Saturday, February 12, 2005, 13:03 — 1 comment Edit

Lars writes:

But I like SAX much more than DOM. It is faster, has reduced memory-consumption and I you have to think some seconds before you start to work, which leads to code that looks as if someone has thought about the problem before starting to write something.

It is obvious that a tree-based approach that is used by XPath cannot be used to wrap a SAX-like API. Perhaps STXPath, which is used for Streaming Transformations for XML (STX) might be a solution. This seems the be exacly the problem David Megginson already thinks of .

That's actually not quite true. You can process at least a subset of XPath using a SAX-alike parser. See here (XSQ) or here (O'Reilly: Streaming XPath) for a product and an overview with some pointers. There's also something going on in the .NET world (e.g. here). It's generally a subset because evil stuff like the ancestor axis is really painful to do in such systems, even though it's possible with large buffers. But the subset includes the important things like the child axis, generally every forward axis and you can even achieve predicates, again with buffers. I've read a paper about this though I lost the link to it, was quite interesting. The general idea was to visit XML tree elements (SAX events) only once but query tree elements a lot more often to see if they match.

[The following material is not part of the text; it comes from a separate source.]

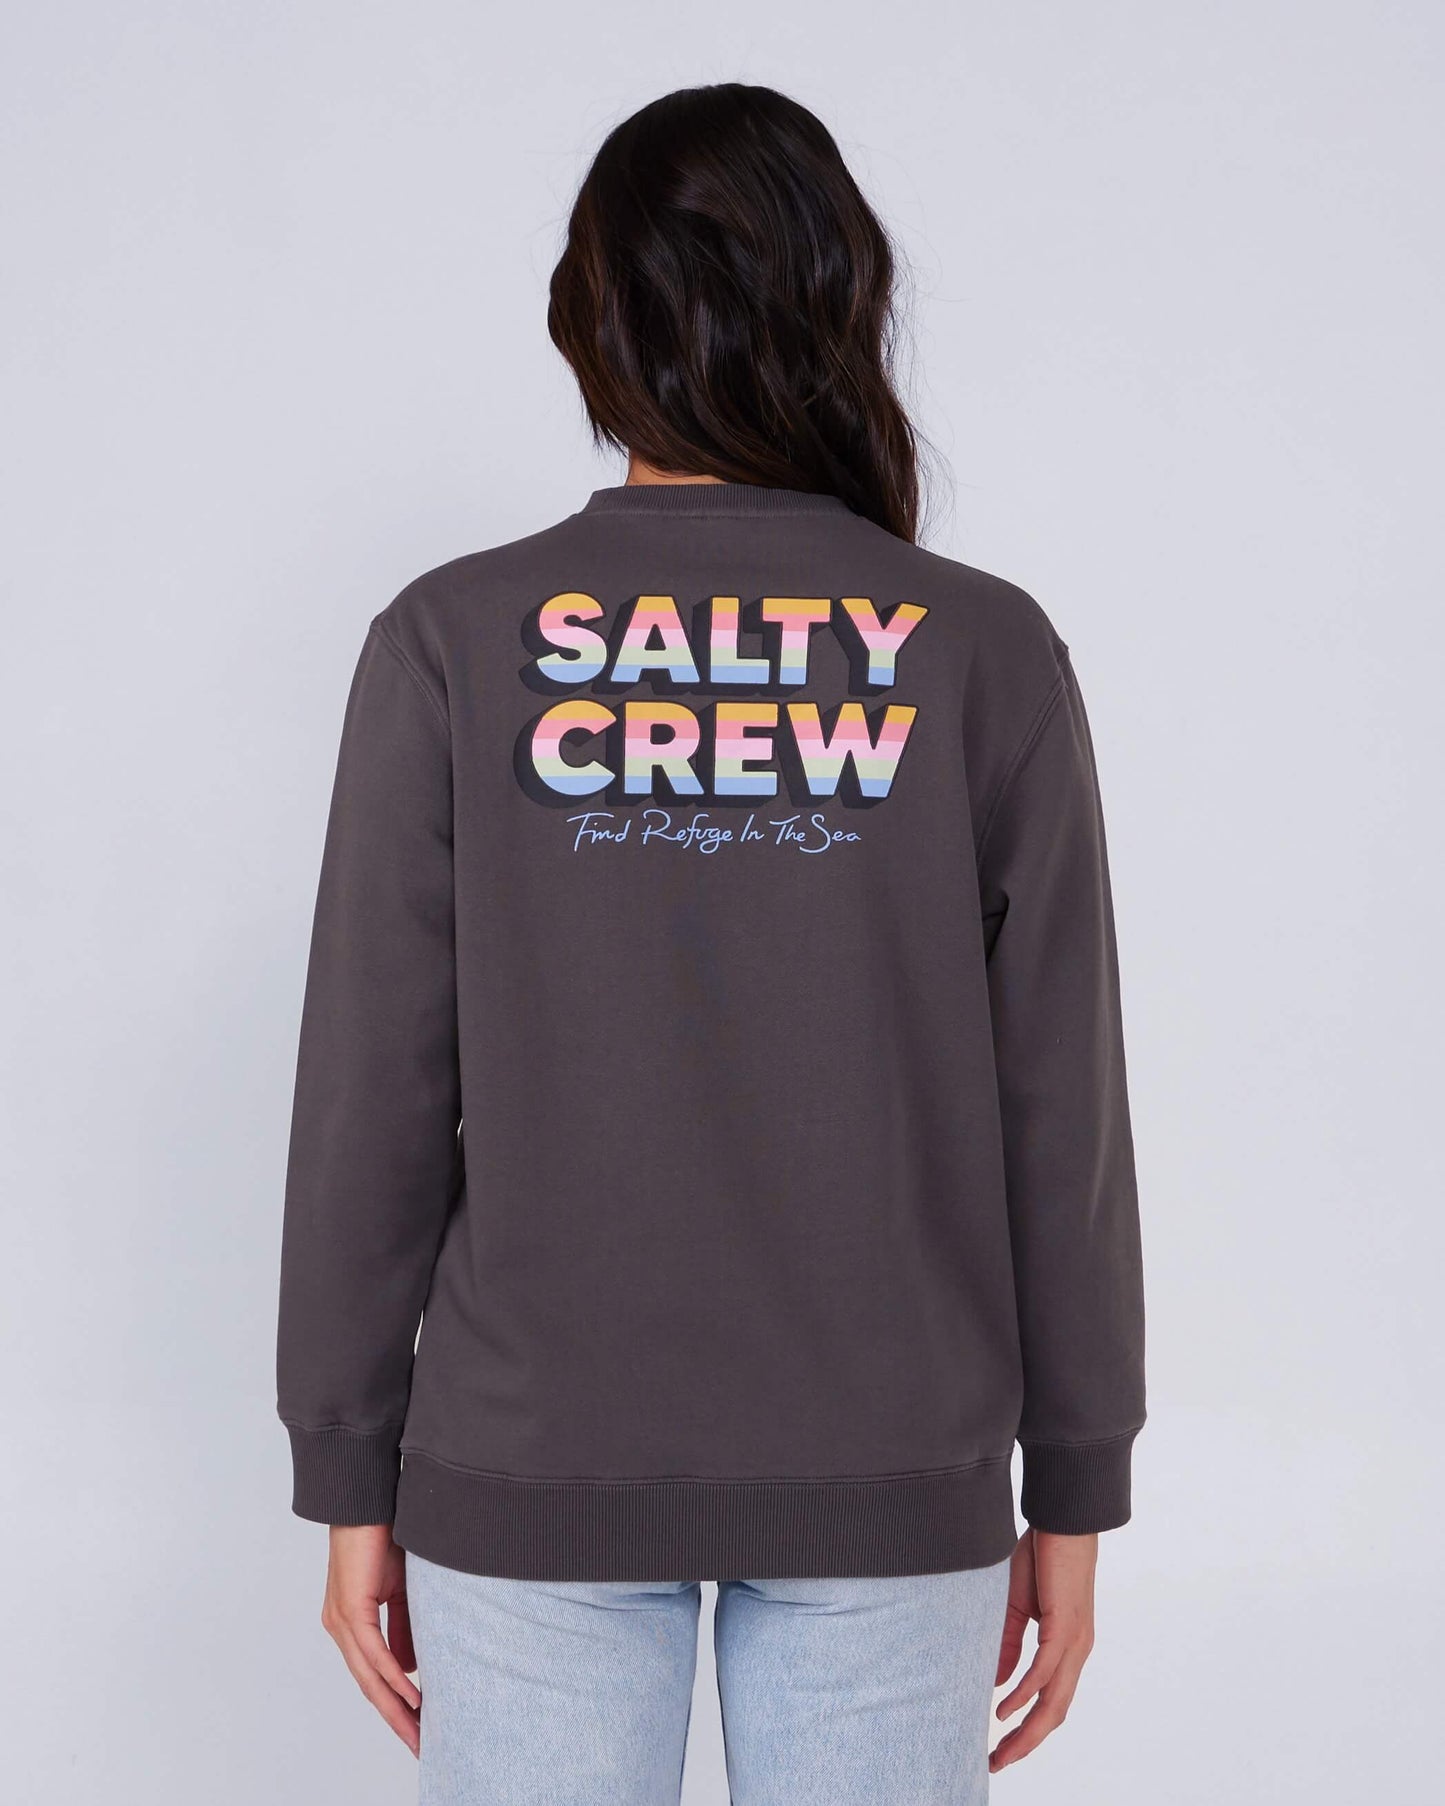 Salty crew FLEECE STANDARD Summertime Premium Crew - Faded Black in Faded Black

Streaming XPath is IMHO the only solution to query big XML files if you don't have an XML database. Simple queries are even not necessarily slower, at least not slower than reading a big XML file into DOM and executing queries on that. It's probably sufficient for simple applications but for complex queries (or general queries, e.g. not a subset of XPath but all the axis and semantic sugar) it will probably be slower.

PS: reading more into the STX it seems like an effort to standardize streaming XPath processors. Especially the STXPath seems to be interesting. The specification defines some sort of a minimum context for processors to provide. Programmatically this example of a streaming XPath .NET API seems interesting. It shows how you can filter relevant nodes out of a stream and assign a handler to them. This seems to remove the need to implement awkward DOM navigation or SAX handlers (mind you, context aware ones!) but leaves the interpretation/handling of the XML to you own C# code. This should - for example - enable users to easily parse XML and create their internal data representation from it.

Streaming XPath? You don’t stream trees!

Martin , I am aware that you can process a subset of XPath and XQuery using a streaming processor (there is a BEA-sponsored project that does that for XQuery), but this is not the way you tend to think when working with streaming XML.

For streaming XML